В самом деле, почему бы нет? Борис же зайдет ненадолго. И всегда можно будет откланяться, сославшись на обстоятельства. Миша уже запихивал его в лифт.

Пятидесятых годов, со стеклянной дверью, просторная кабина движется в шахте, огороженной стальной сеткой. Сквозь эту дверь видны не только пролеты лестниц, но и заволжские дали в огромных окнах лестничных клеток, залитые, как Суперфин и обещал несостоявшимся покупателям, солнечным светом. «С роскошеством природы дух покоя в такую пору связан глубиною». Очень недолгой бывает эта пора в здешних широтах.

В доме было ранжировано абсолютно всё. Вот холл первого этажа (жители по старой памяти называют его вестибюлем), оформленный в стилистике станции московского метро. Узкая лестница вниз ведет в цоколь, там служебные квартиры дворника, слесаря, консьержки (теперь все, конечно, приватизировано). В детстве слово «консьержка» ассоциировалось у Бориса с Жоржем Сименоном, но консьержка (женщина, а не слово) ста́тью и голосом замечательно гармонировала со сталинским ампиром вестибюля и, казалось, была вылеплена заодно со всеми этими барельефами работниц, колхозниц и еще каких-то тетенек, символизирующих изобилие.

Над цоколем располагалось то, что в доме называлось нулевым этажом. В частности, там была квартирка Торопкина, полученная в свое время его отцом, комендантом. Комендантом чего именно был родитель уважаемого Николая Никитовича, никто уже не помнил.

Первые три этажа во всех подъездах отведены под огромные четырехкомнатные для областной партхозно-менклатуры, с вкраплением академиков и генералов. Четвертый и пятый заняты огромными, но уже трехкомнатными для замов тех, кто занимает первые три этажа, а также три квартиры выделены для членкоров. (В соответствии с этажом и размером квартир их обитателям полагались места на N-ском номенклатурном кладбище.) Два верхних – шестой и седьмой (здесь уже обошлось без эркеров и балконов) отданы под двухкомнатные для людей поменьше, но, кончено же, тоже недосягаемых для простых смертных. Как говорила внучка дяди Якова Бэллочка, чтобы представиться в какой-нибудь компании, ей надо было просто назвать свой домашний адрес. А если компания понимающая, то она называла и свой этаж.

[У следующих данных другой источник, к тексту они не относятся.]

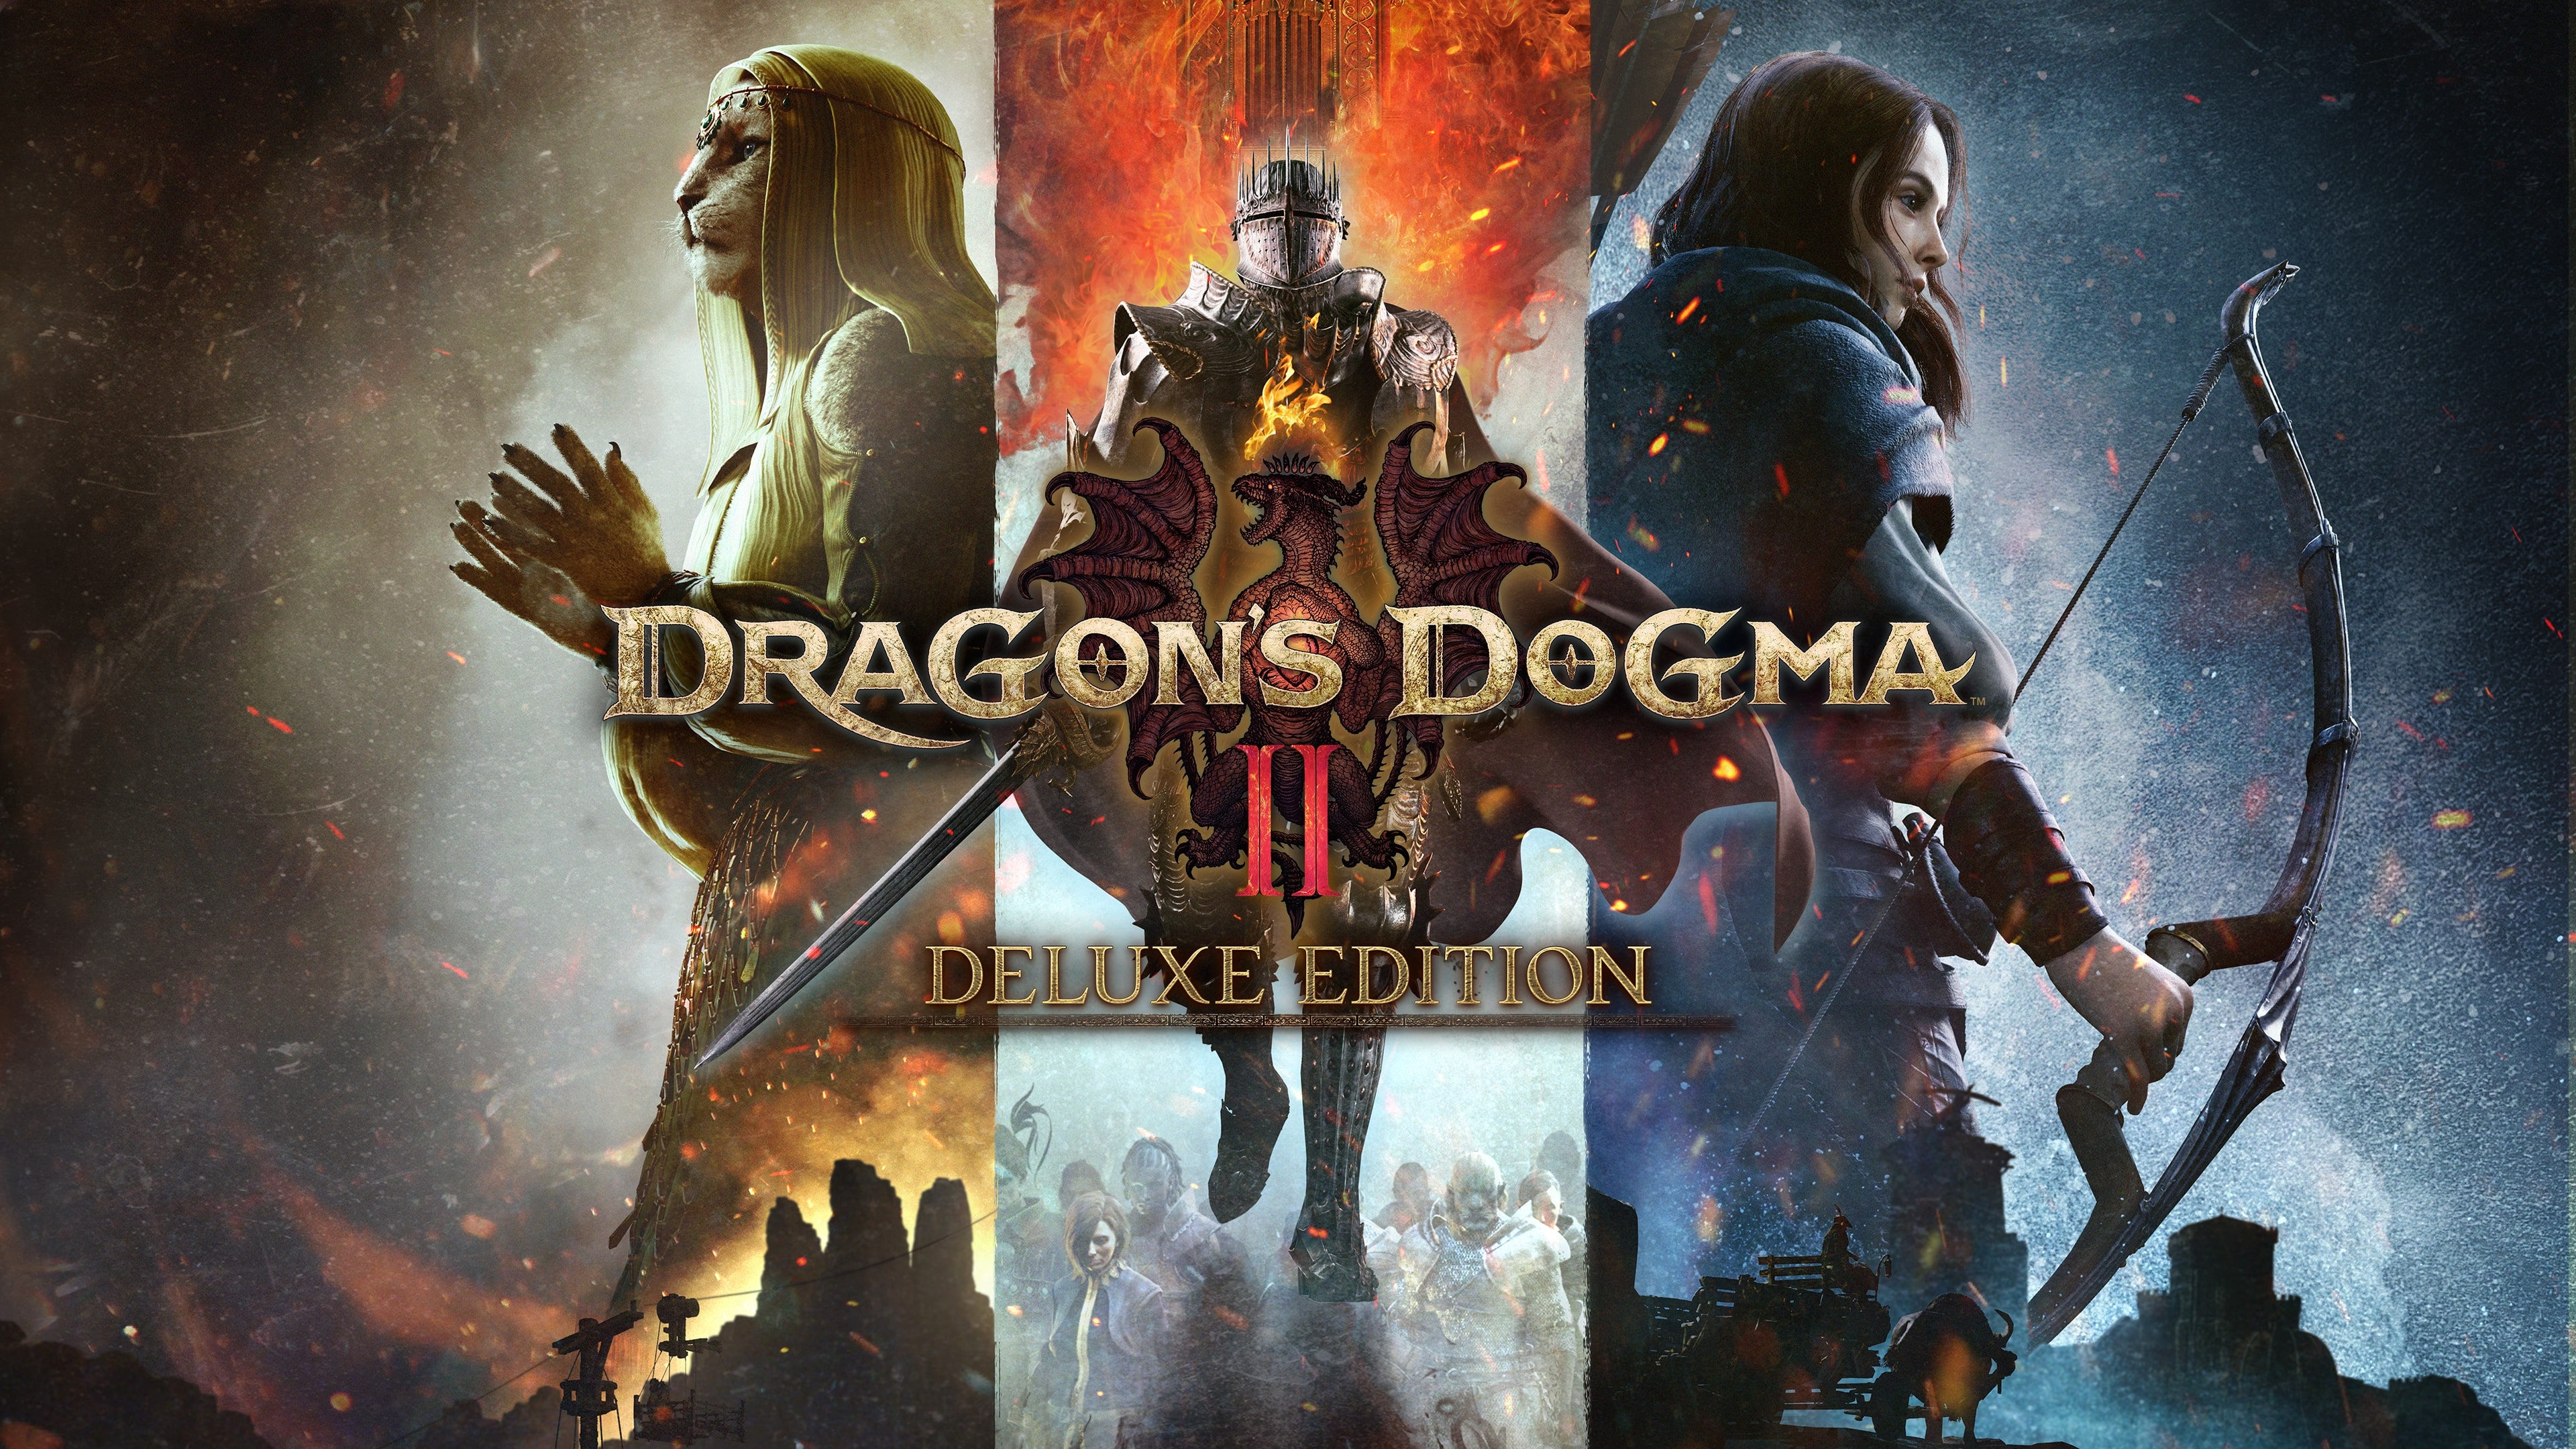 Dragons dogma 2 series s
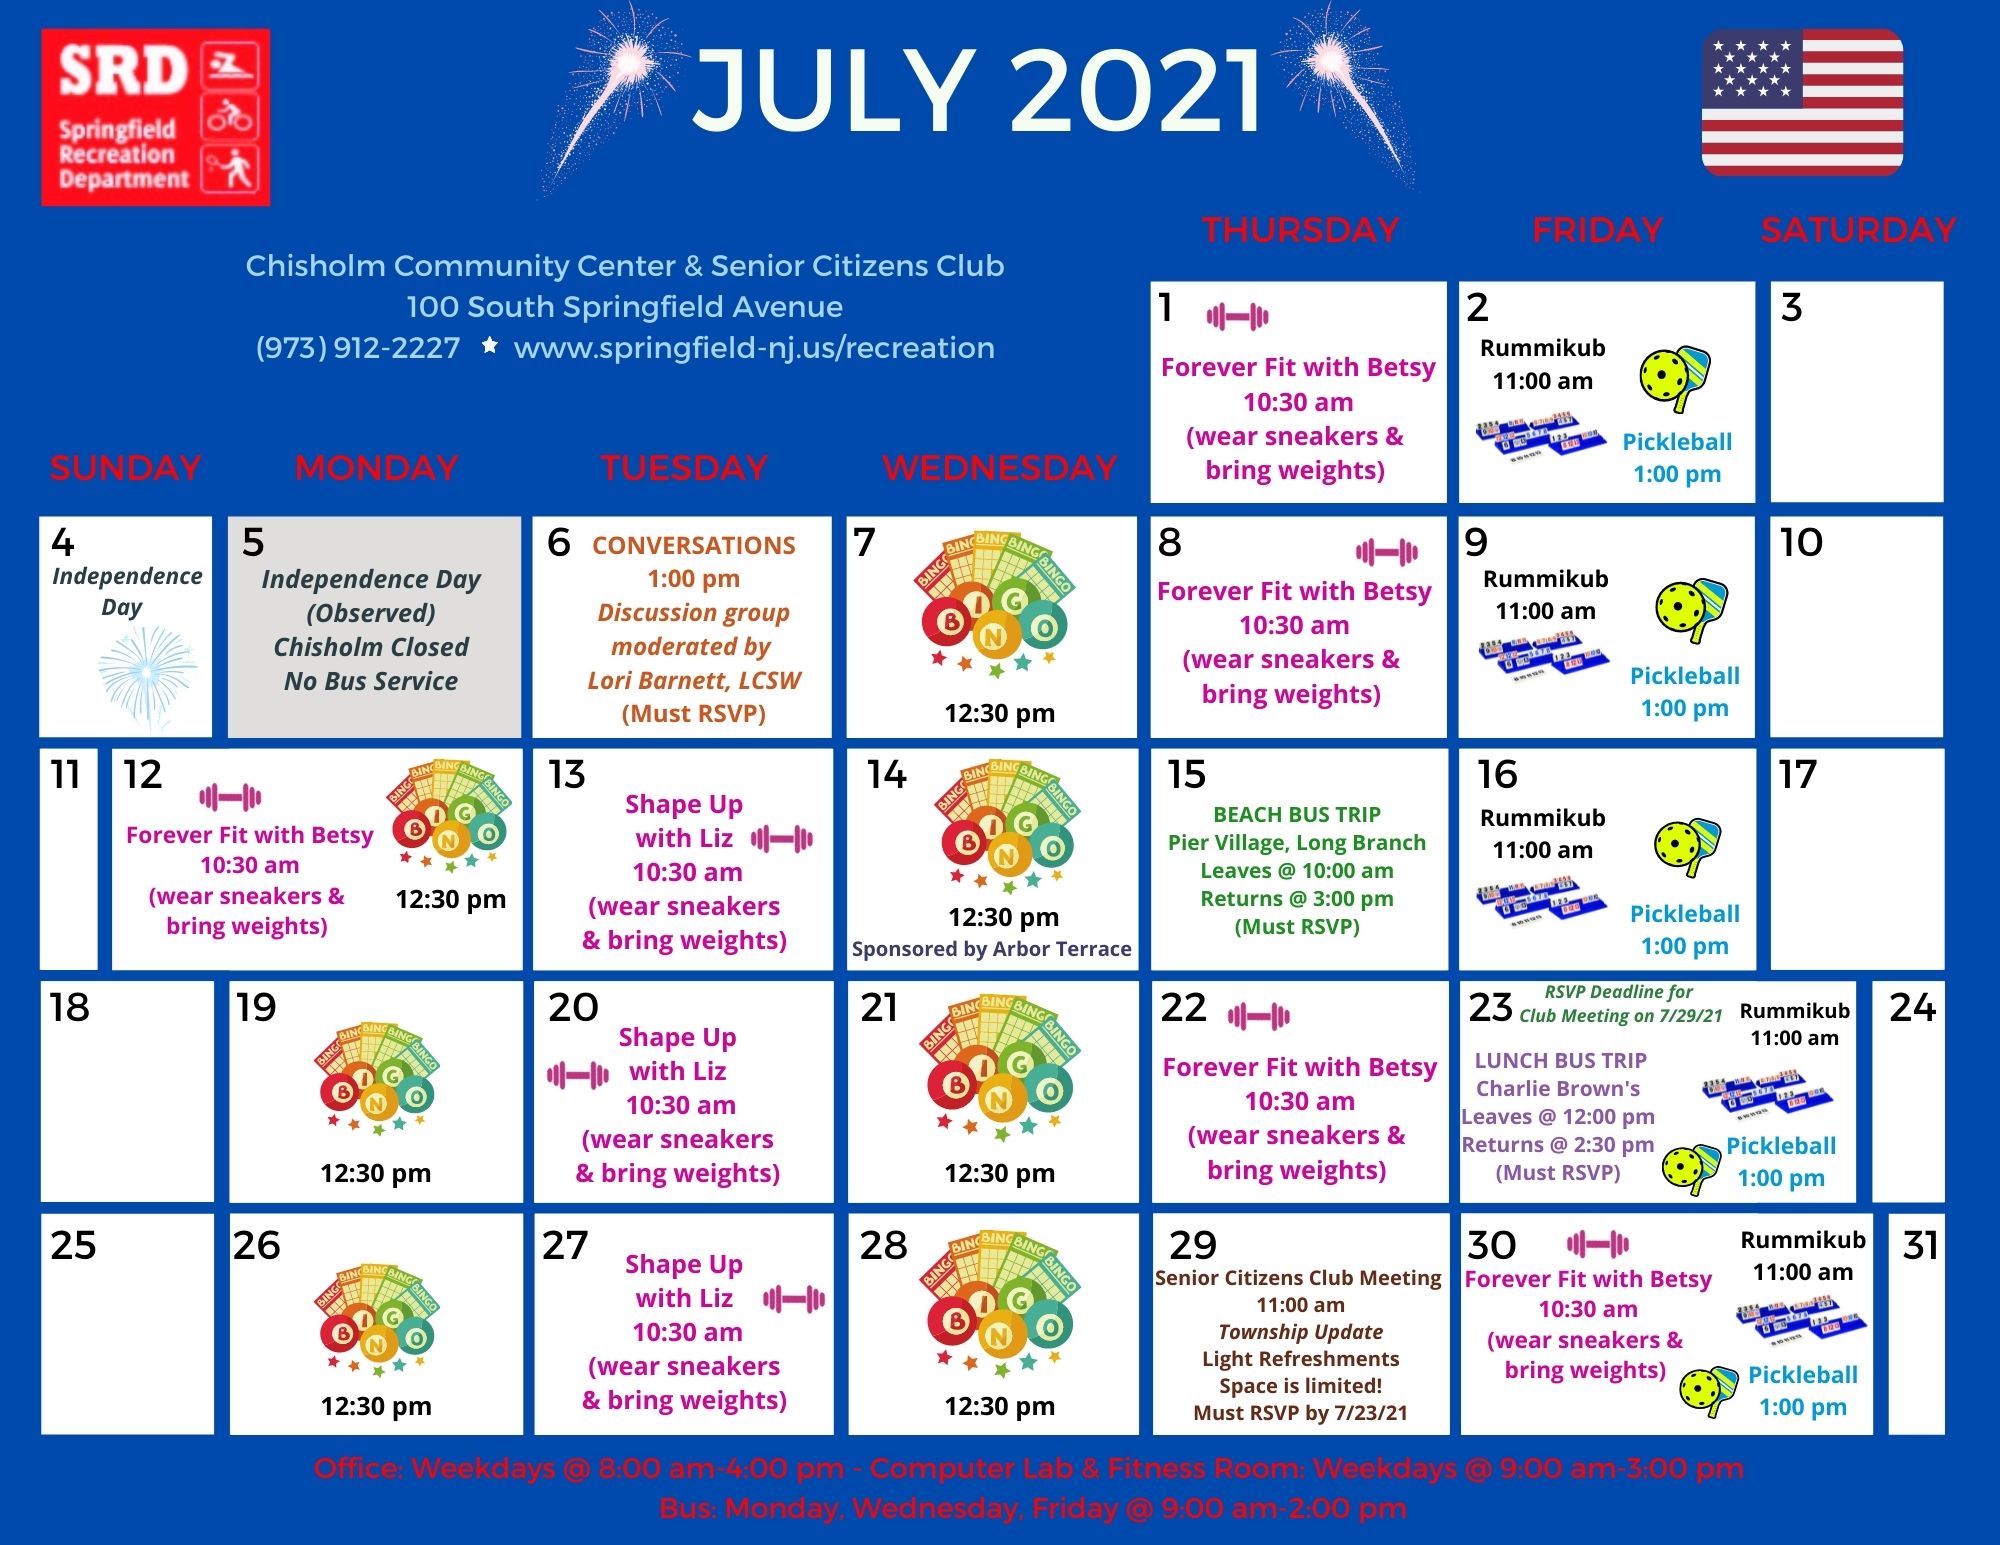 Recreation Department Releases July 2021 Calendar for Senior Citizens

Квартира Миши Механика была на седьмом, напротив лифта.

Миша познакомился с Борисом, едва только тот въехал в дом. Они столкнулись на лестнице возле почтовых ящиков. Его спутницу Борис тогда принял за дочь от смешанного и довольного позднего брака. Миша обрадовался Суперфину ввиду их очевидной этнической общности, подал свою не по возрасту крепкую кисть, поросшую рыженьким ворсом: «Михаил Шлемович, но обращайся без отчества, не потому, о чем ты подумал, просто. Я же не старичок. Да! И конечно на «ты», несмотря на разницу в возрасте. Плевать на разницу. Соседские девчонки, что забегают проконсультироваться перед сессией, те мне, естественно, «выкают», но я запретил им настрого не только отчество, но и «дядю». Только «дяди» мне не хватало! Просто, Миша, договорились? Да! А это Алиса – моя гражданская жена».